Fortunately for Goodell, the round came to rest without detonating. 

“I didn’t think it was going to go off, because of how long it had been here, so I stopped the equipment and got off,” said Goodell. “I got a good distance away and called the NCO that was with us, and then we did the UXO report.”

The Army has well-defined procedures for dealing with UXOs, beginning with safeguarding the area. 

“I went down and set up a cordon, another Humvee rolled up with the NCOIC and he set up the outer cordon on top of the hill, so that we would have visibility over the area,” said Goodell. 

Several staff personnel overseeing the roadway construction project reacted to the UXO find. 

“I looked over at the battalion commander and asked ‘Sir, did he just say UXO?,’” said Maj. Ed Zook, operations officer, 111th Engineer Battalion, 176th Engineer Brigade, Texas Army National Guard (TXARNG). 

“When the find was confirmed soldiers in the Tactical Operations Center followed protocol and called for an Explosive Ordnance Disposal (EOD) team,” said Zook.

“EOD soldiers are highly prized for their knowledge of explosives and munitions. Although we, as Army engineers, routinely deal with explosives, the EOD are the experts when it comes to disposing of ordnance quickly and safely,” said Capt. Michael Fellers, headquarters commander, 111th Engineer Battalion, TXARNG. 

The nearest EOD team was located at Fort Hood nearly 100 miles from the Camp Bowie Training Facility. Unsure of how quickly the team would be able to make the trip, the 111th and 277th made preparations to keep the area protected indefinitely. 

Fortunately, the active-duty soldiers from the79th Ordnance Disposal Battalion, 71st Ordnance Group (EOD) team were on the scene in about two hours. 

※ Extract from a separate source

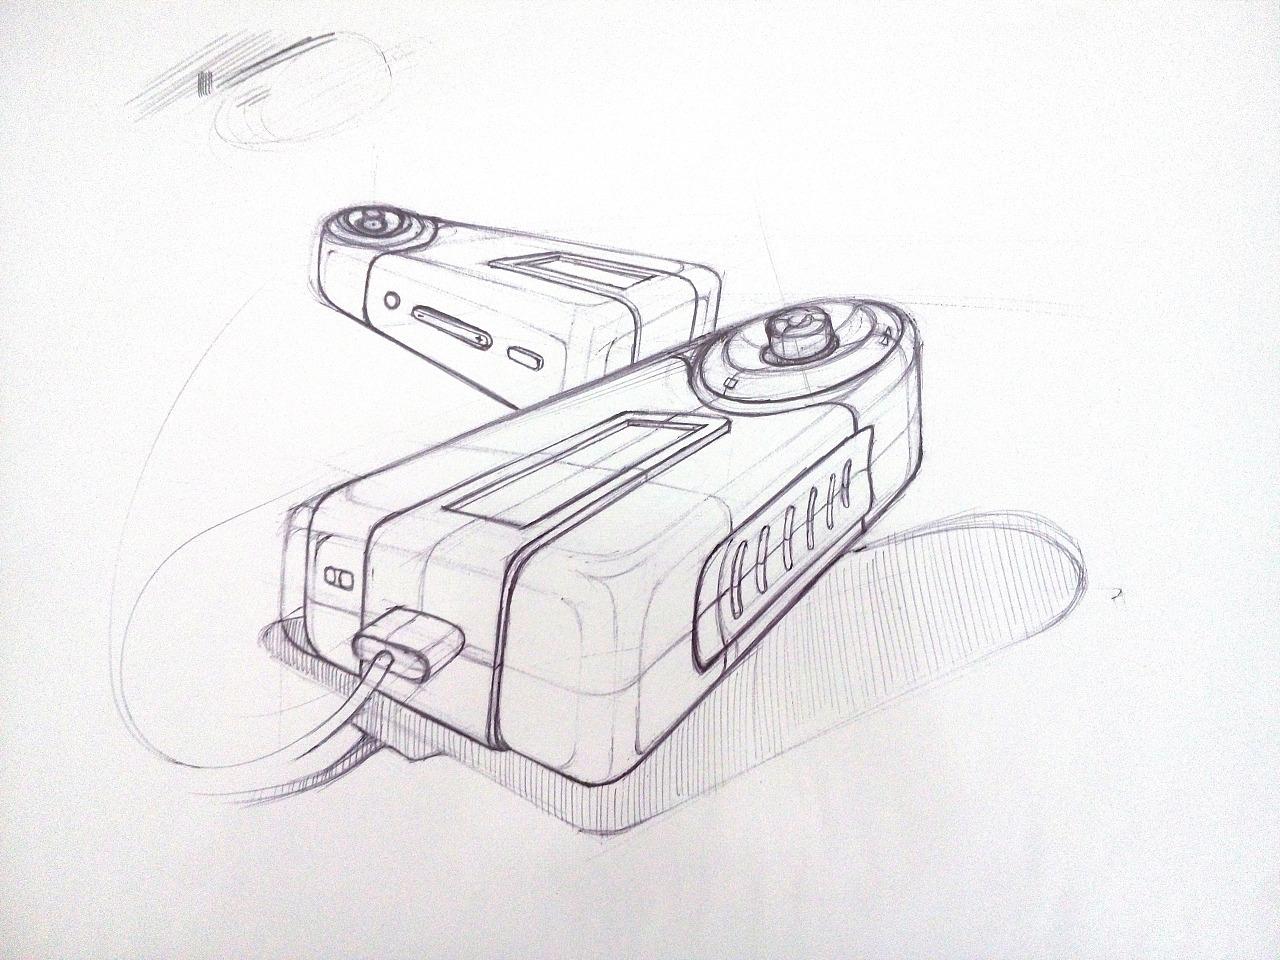 工业设计手绘稿练习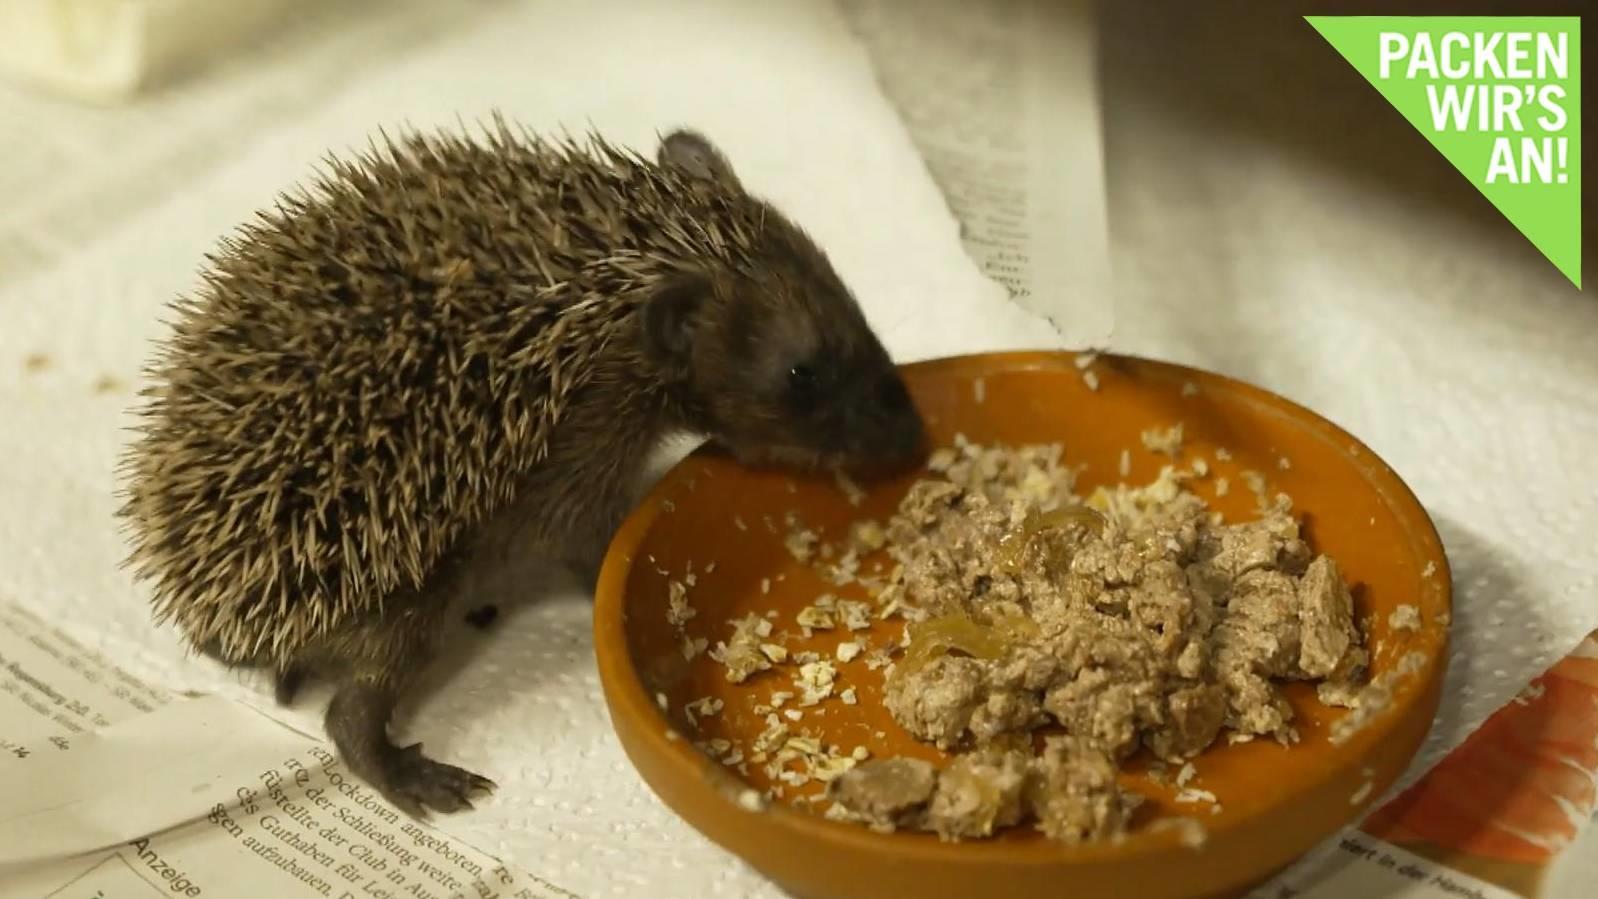 heimische-tiere-sterben-aus-was-jeder-tun-kann-um-zu-helfen

“Response from Fort Hood was excellent,” said 1st Sgt. Lucia Estrada, 277th Engineer Company, USAR. “We appreciated the speedy arrival.”

When dealing with UXOs, the EOD teams have the option of disarming the ordnance or destroying the device. After viewing the mortar, the EOD professionals determined to detonate the mortar where it was found using C4 explosives. 

After placing the charge, the EOD team joined Goodell on the hill several hundred meters away. The honor of detonating the mortar fell to the man who found it. Goodell triggered an M-81 firing device and was rewarded a second later with a thunderous blast. 

“It was pretty cool,” said Goodell. 

The 17-mile roadway construction is a 25-day project, 6-30 July, along the perimeter of the Camp Bowie Training Center. The multi-component project planned and led by 111th Engineer Battalion, 176th Engineer Brigade, Texas Army National Guard (TXARNG) included active duty soldiers from the 36th Engineer Brigade based in Fort Hood, Texas and U.S. Army Reserve soldiers from 420th Engineer Brigade headquartered in Bryan, Texas.